(Work request):
The required output is the lines from the one with "Chatterbox Revue, 1925" through the end of the data, repeated verbatim, with no pictures included.

-- Raw data follows --

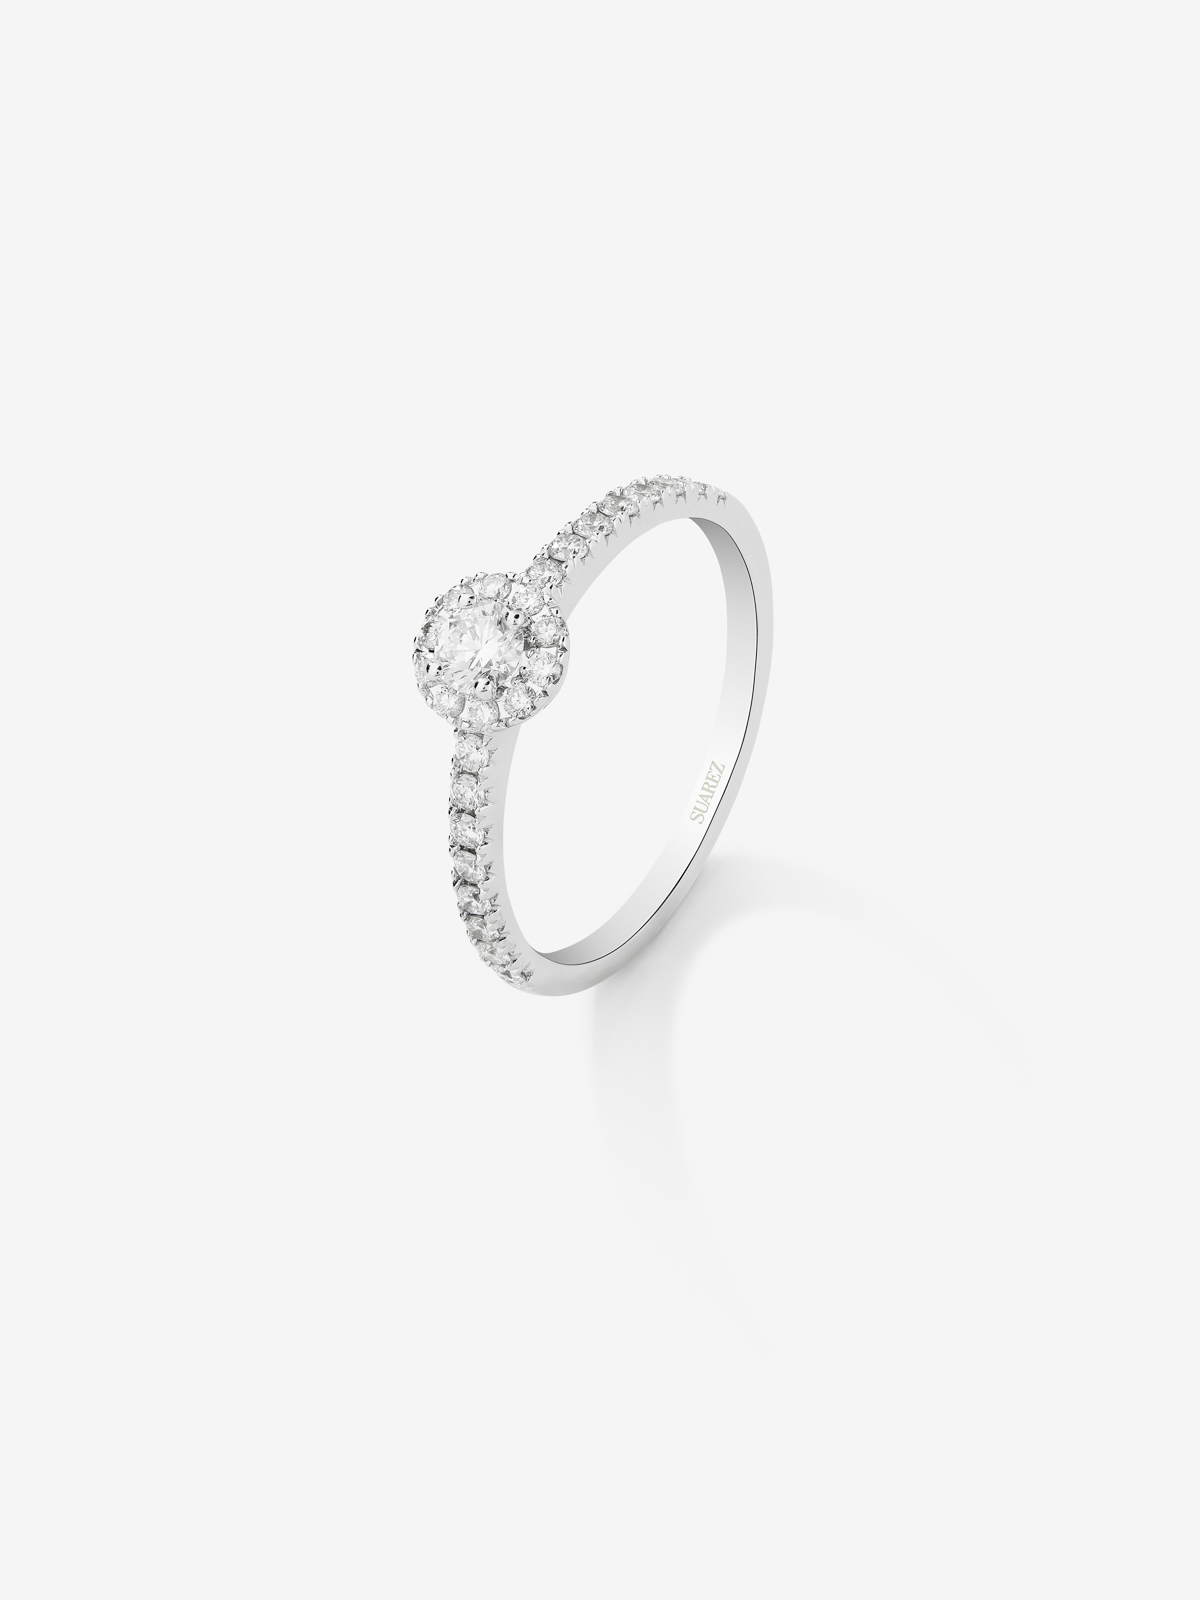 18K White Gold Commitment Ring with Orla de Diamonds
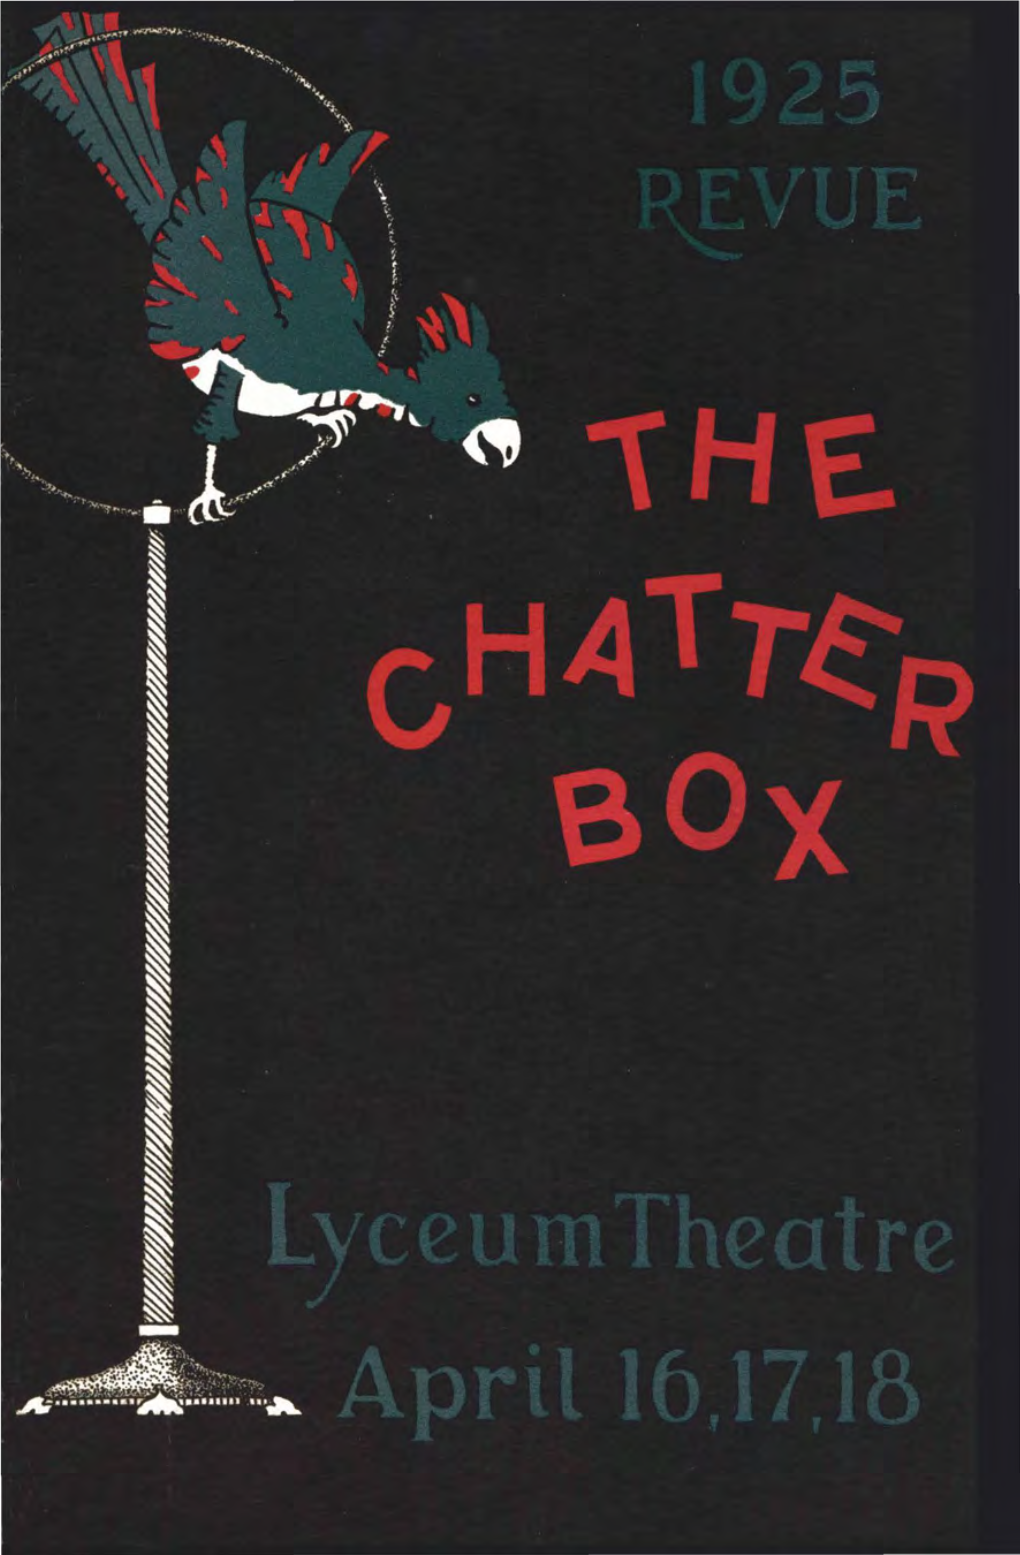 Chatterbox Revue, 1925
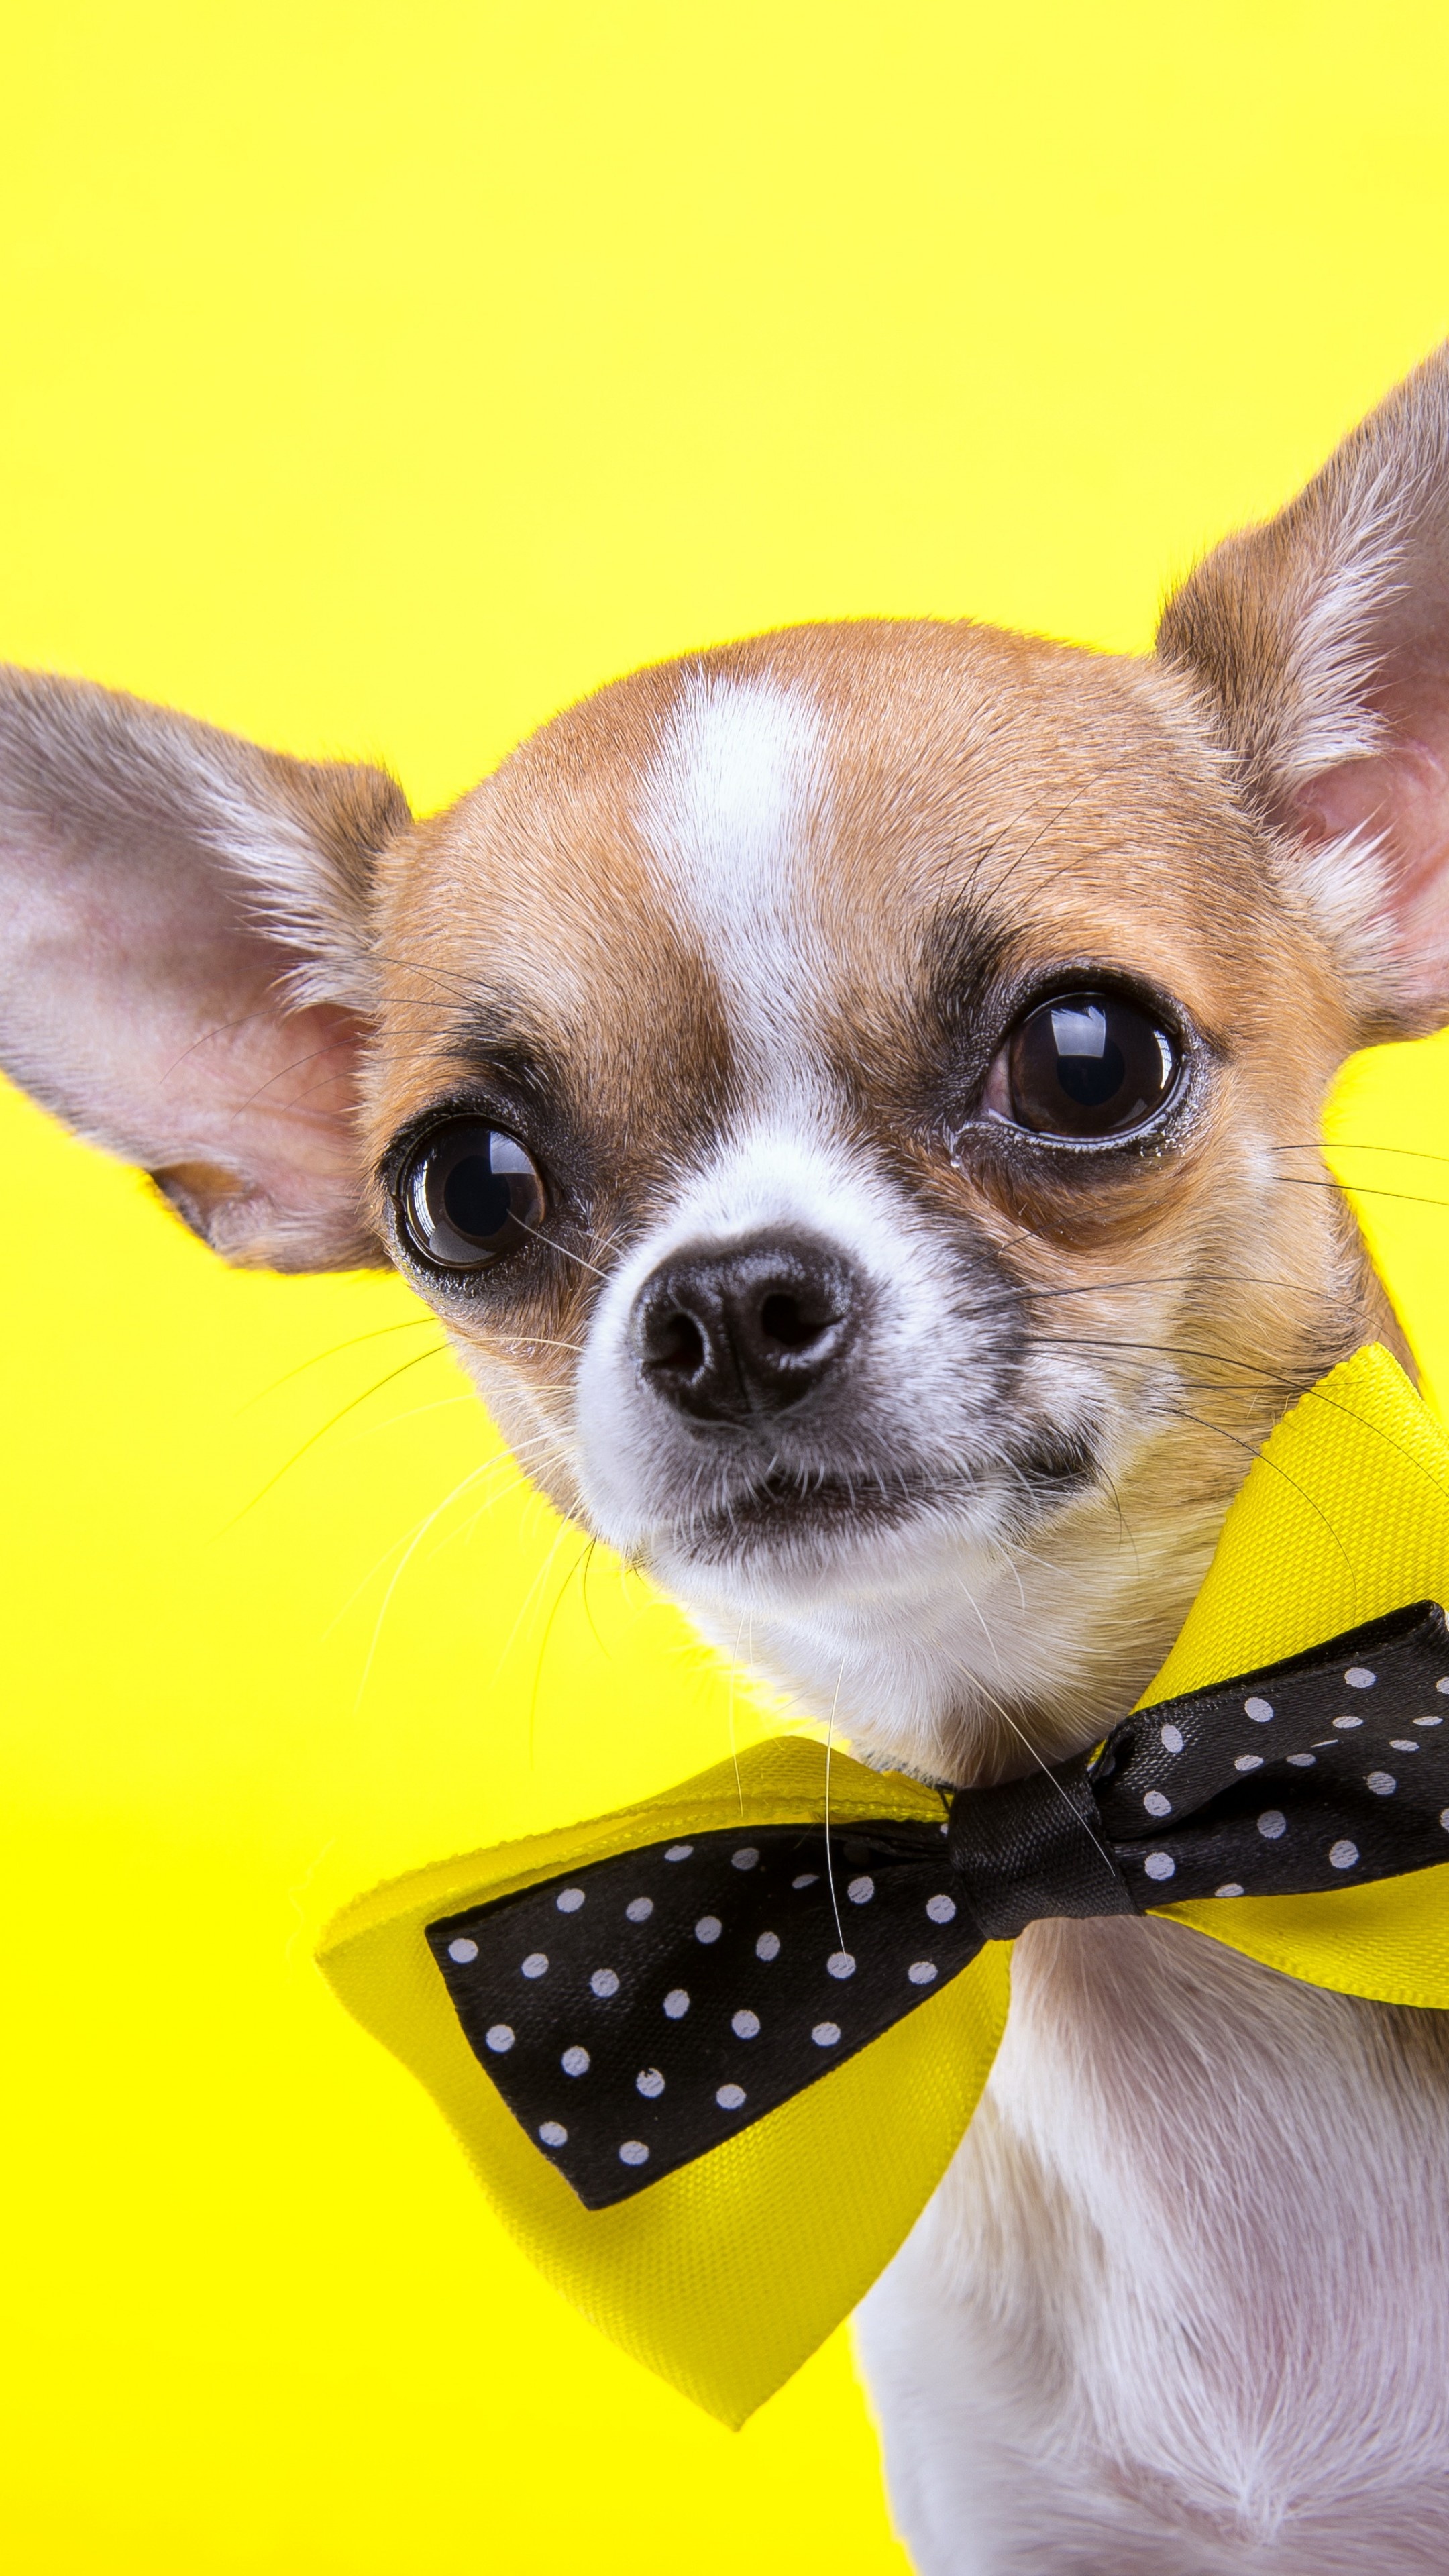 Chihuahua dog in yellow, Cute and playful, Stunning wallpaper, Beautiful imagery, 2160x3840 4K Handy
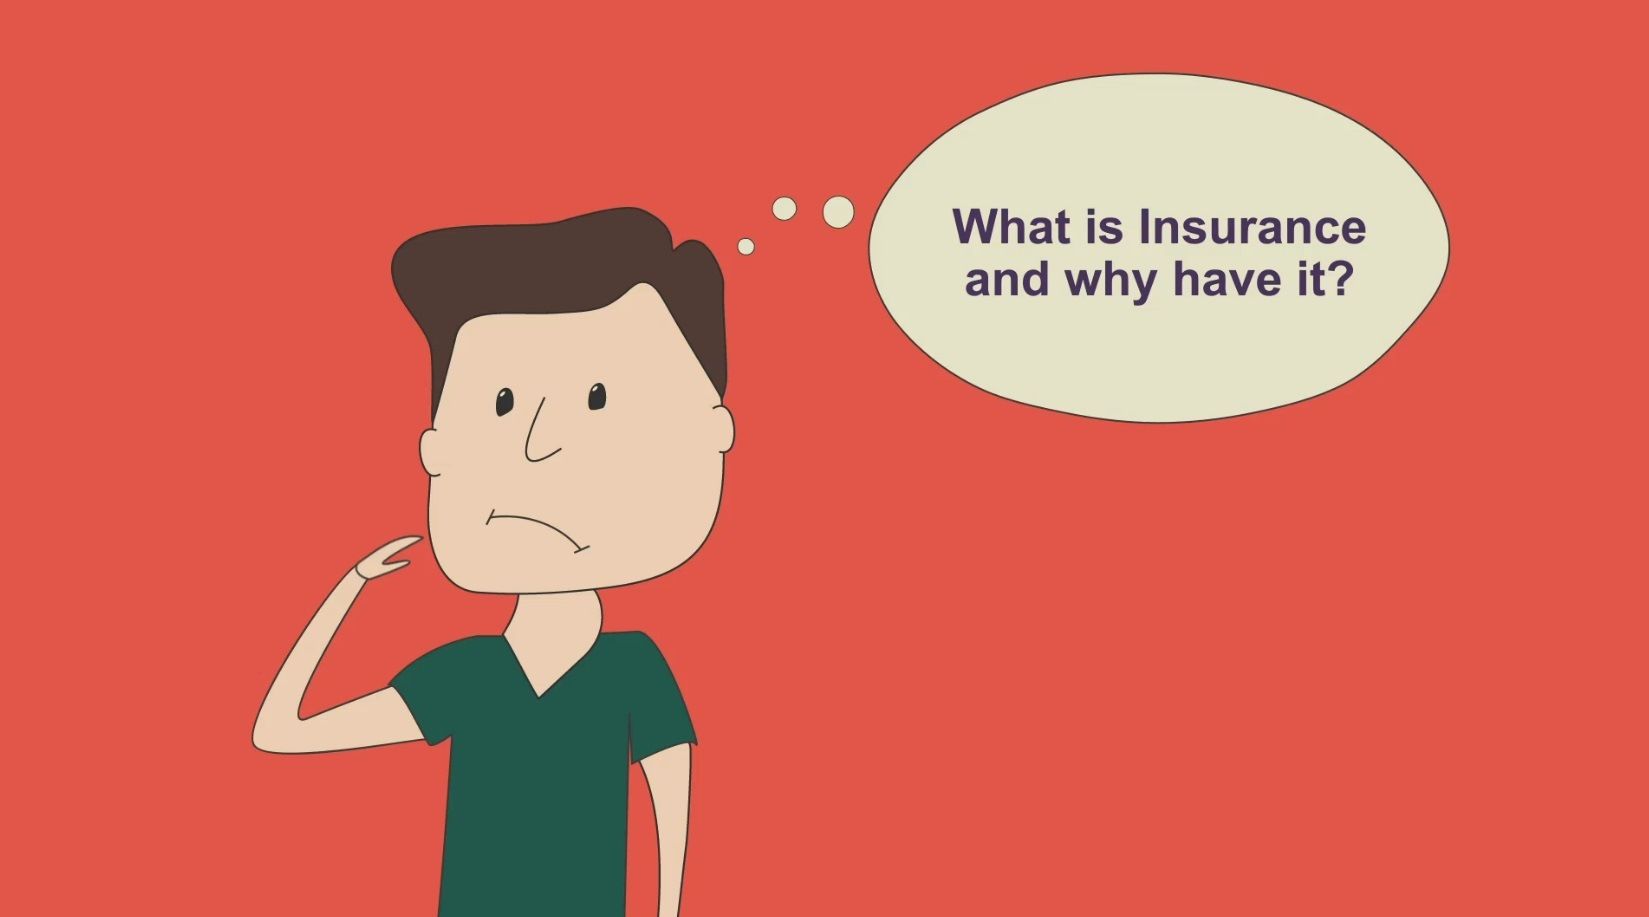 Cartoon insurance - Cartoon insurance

-- Raw data concluded --

(Your solution):
 Chatterbox Revue, 1925
 Chihuahua dog in yellow, Cute and playful, Stunning wallpaper, Beautiful imagery, 2160x3840 4K Handy
 Cartoon insurance - Cartoon insurance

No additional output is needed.